● **What you are asked to do**
Here the job is to repeat the listing exactly, but not the pictures in it.

● **Provided data**

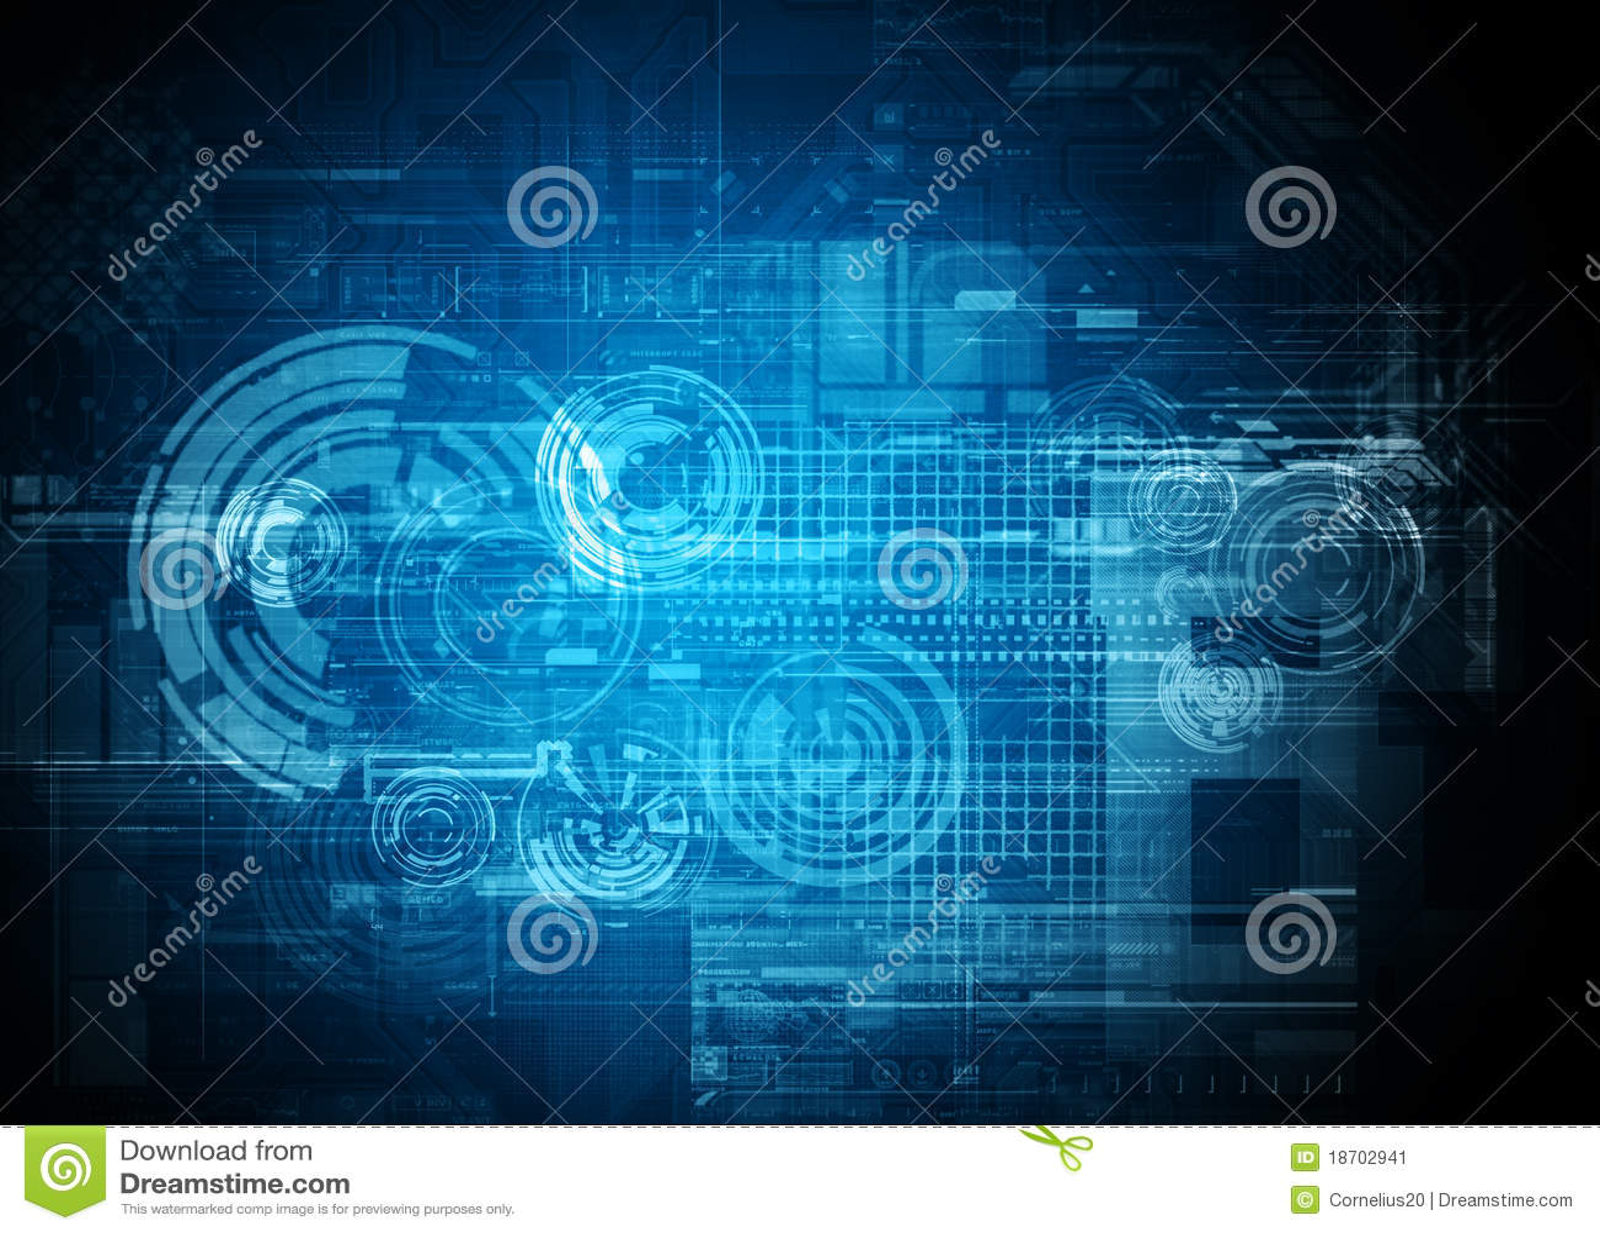 Abstract Tech Design Stock Illustration  Illustration Of Lights
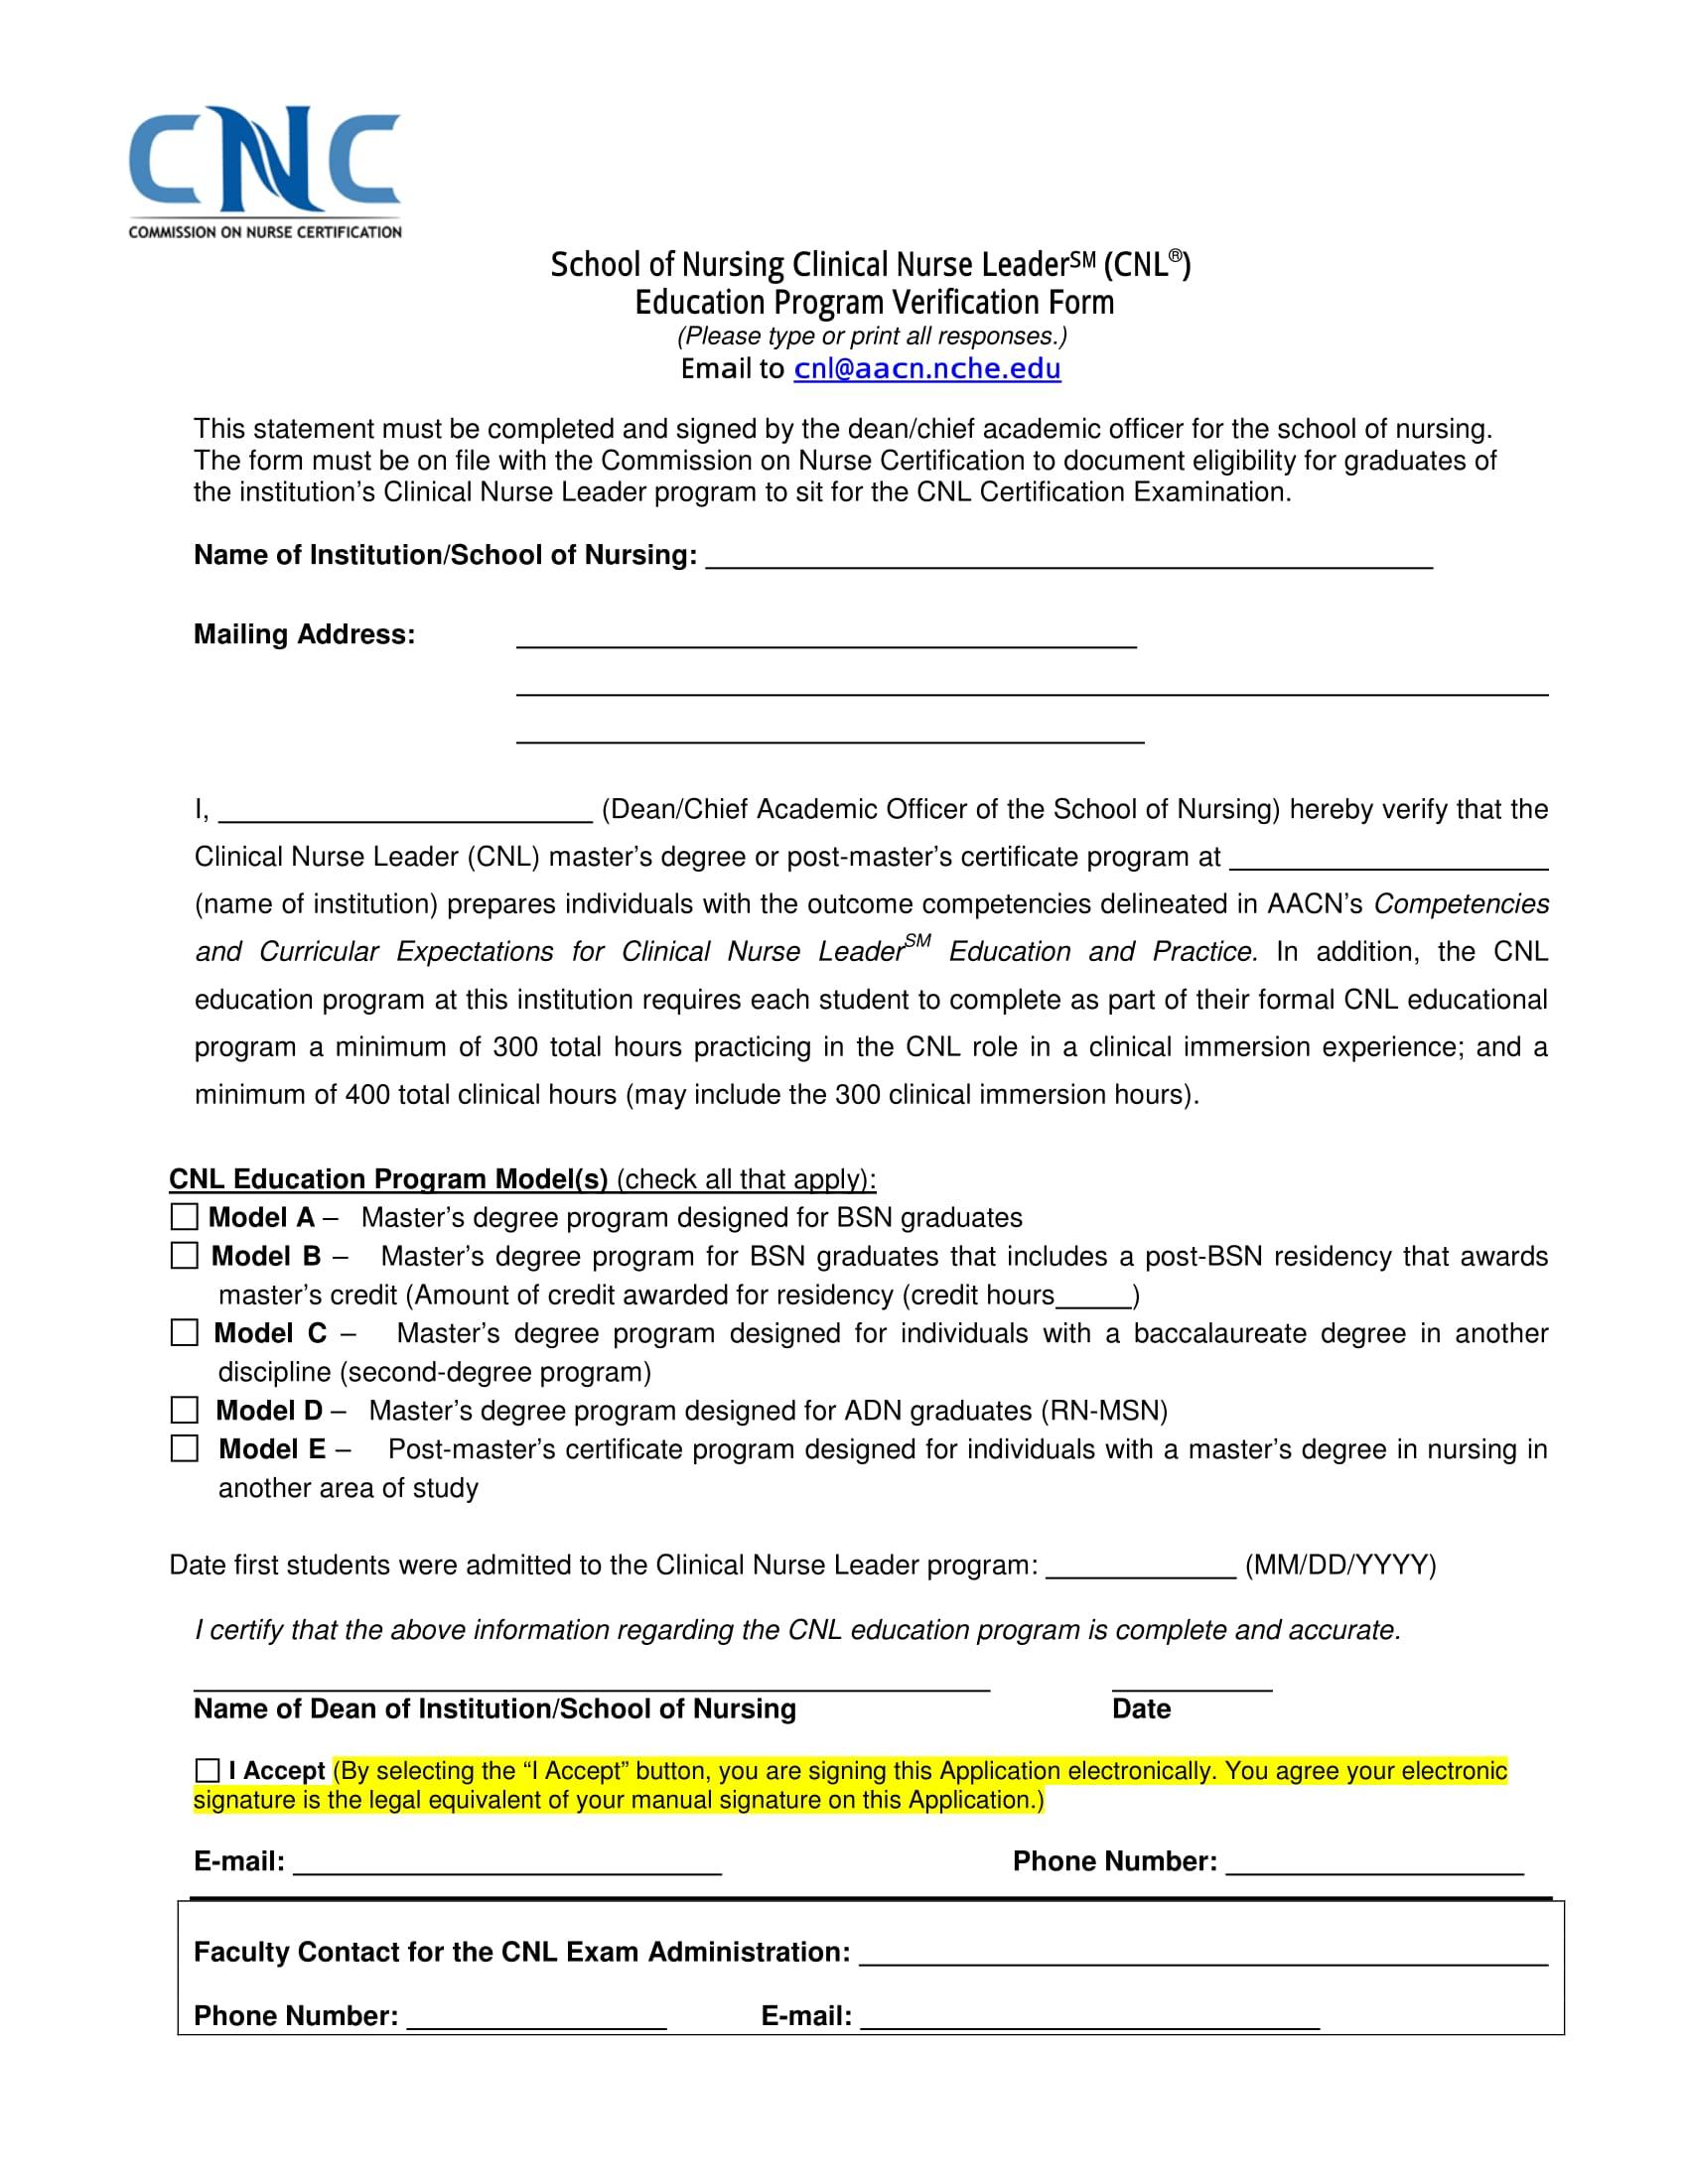 education program verification form 1
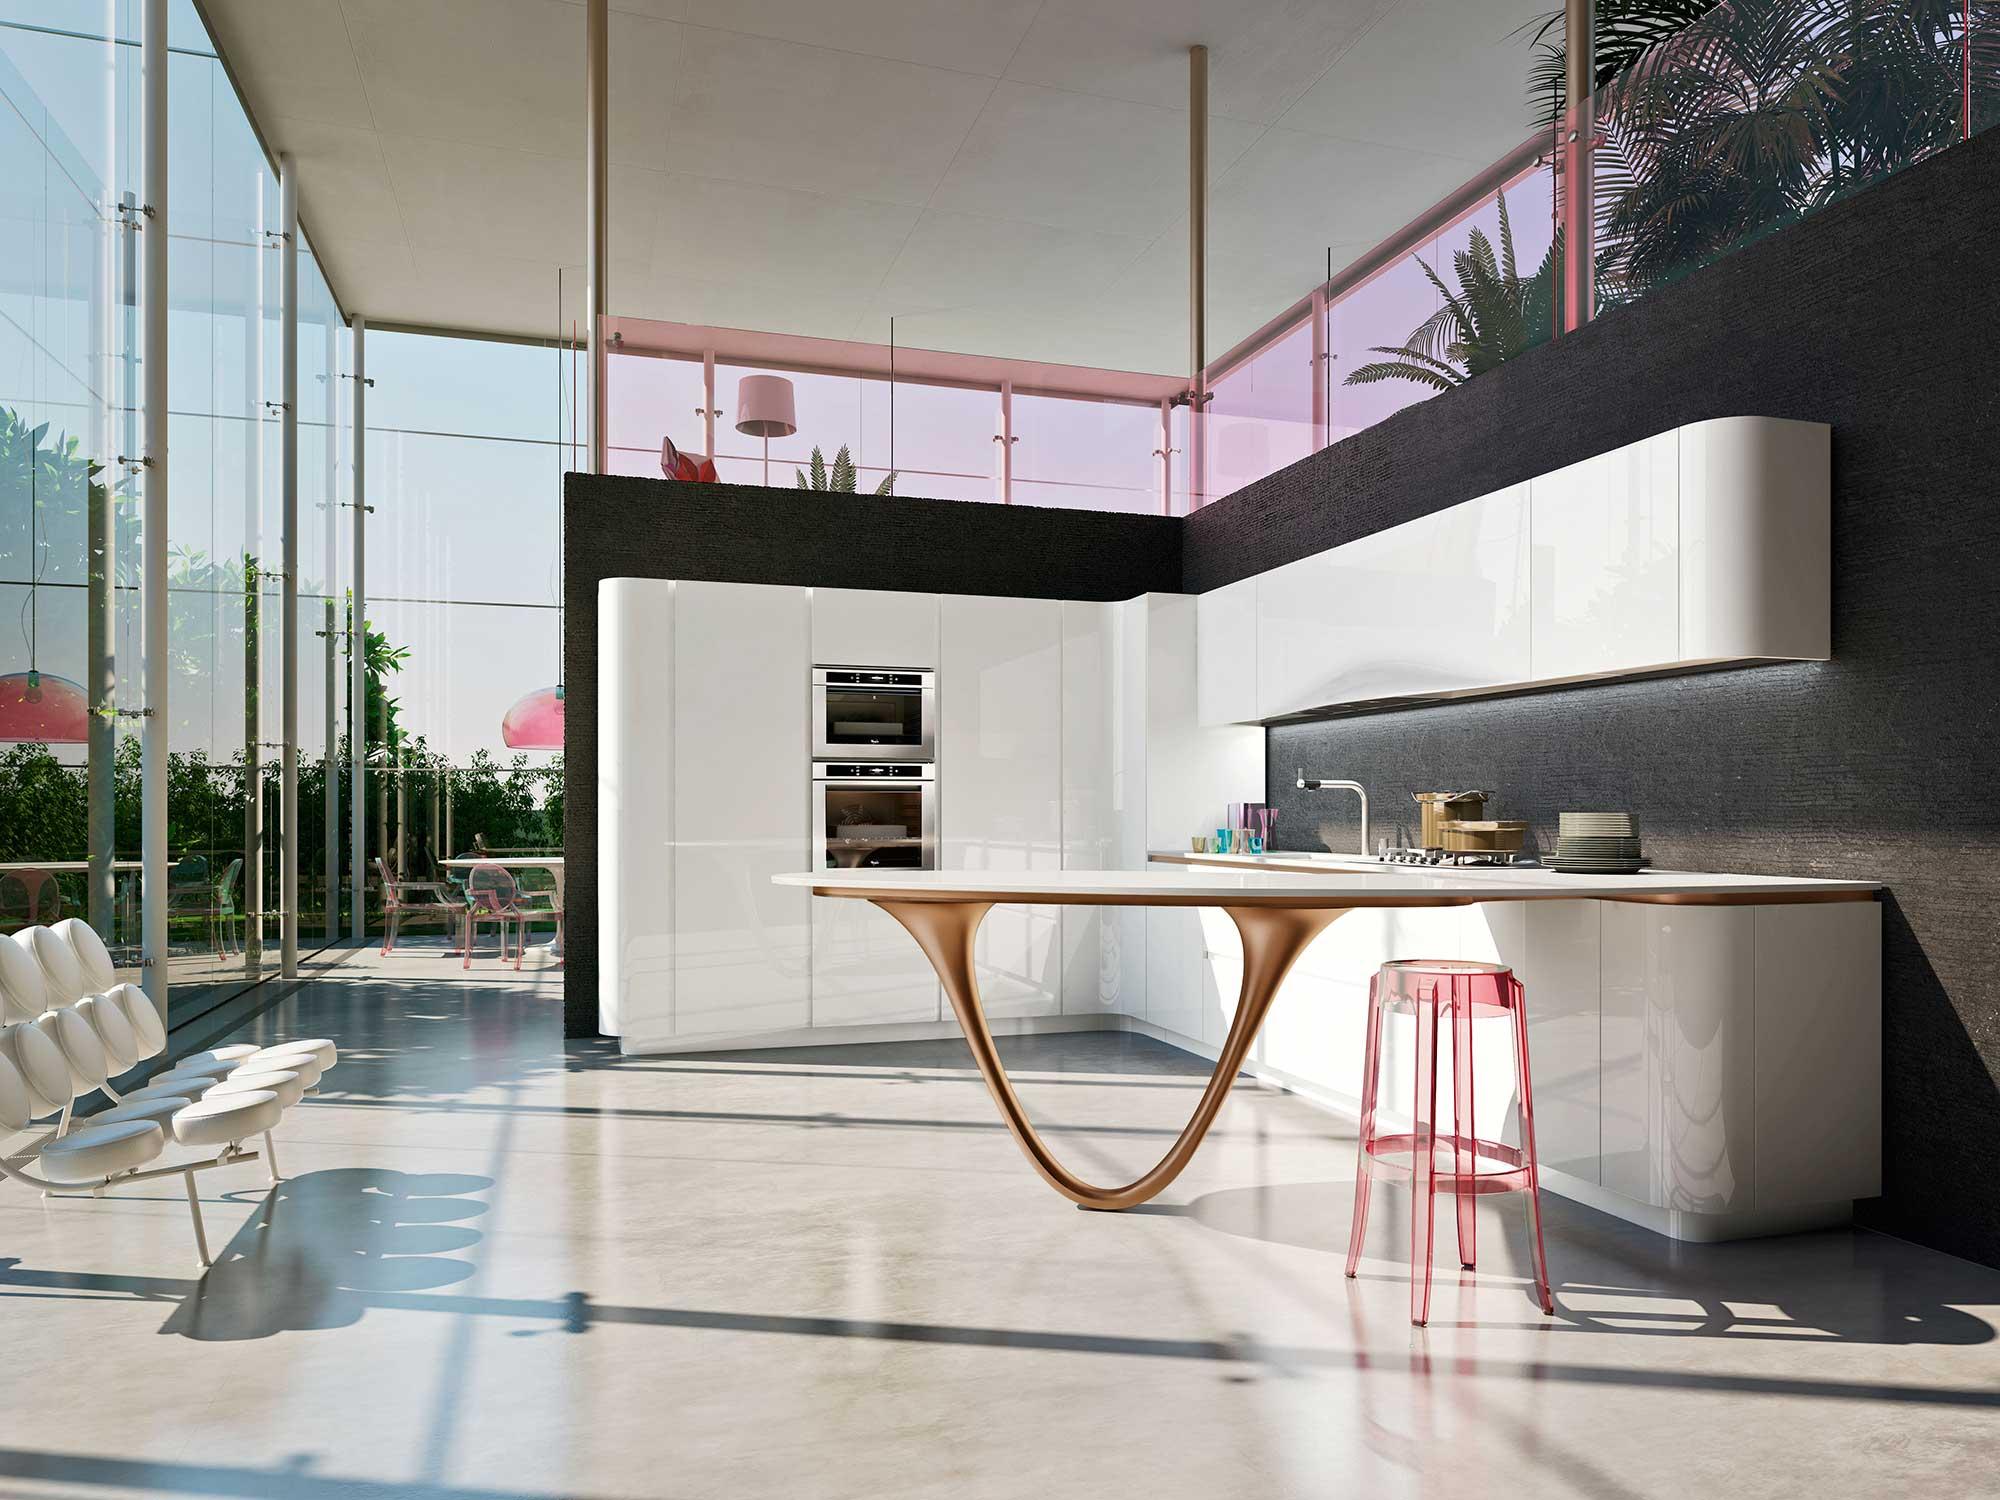 Ideas y dise o de cocinas modernas construye hogar for Diseno cocinas uruguay

● **Final answer**
 Abstract Tech Design Stock Illustration  Illustration Of Lights
 education program verification form 1
 Ideas y dise o de cocinas modernas construye hogar for Diseno cocinas uruguay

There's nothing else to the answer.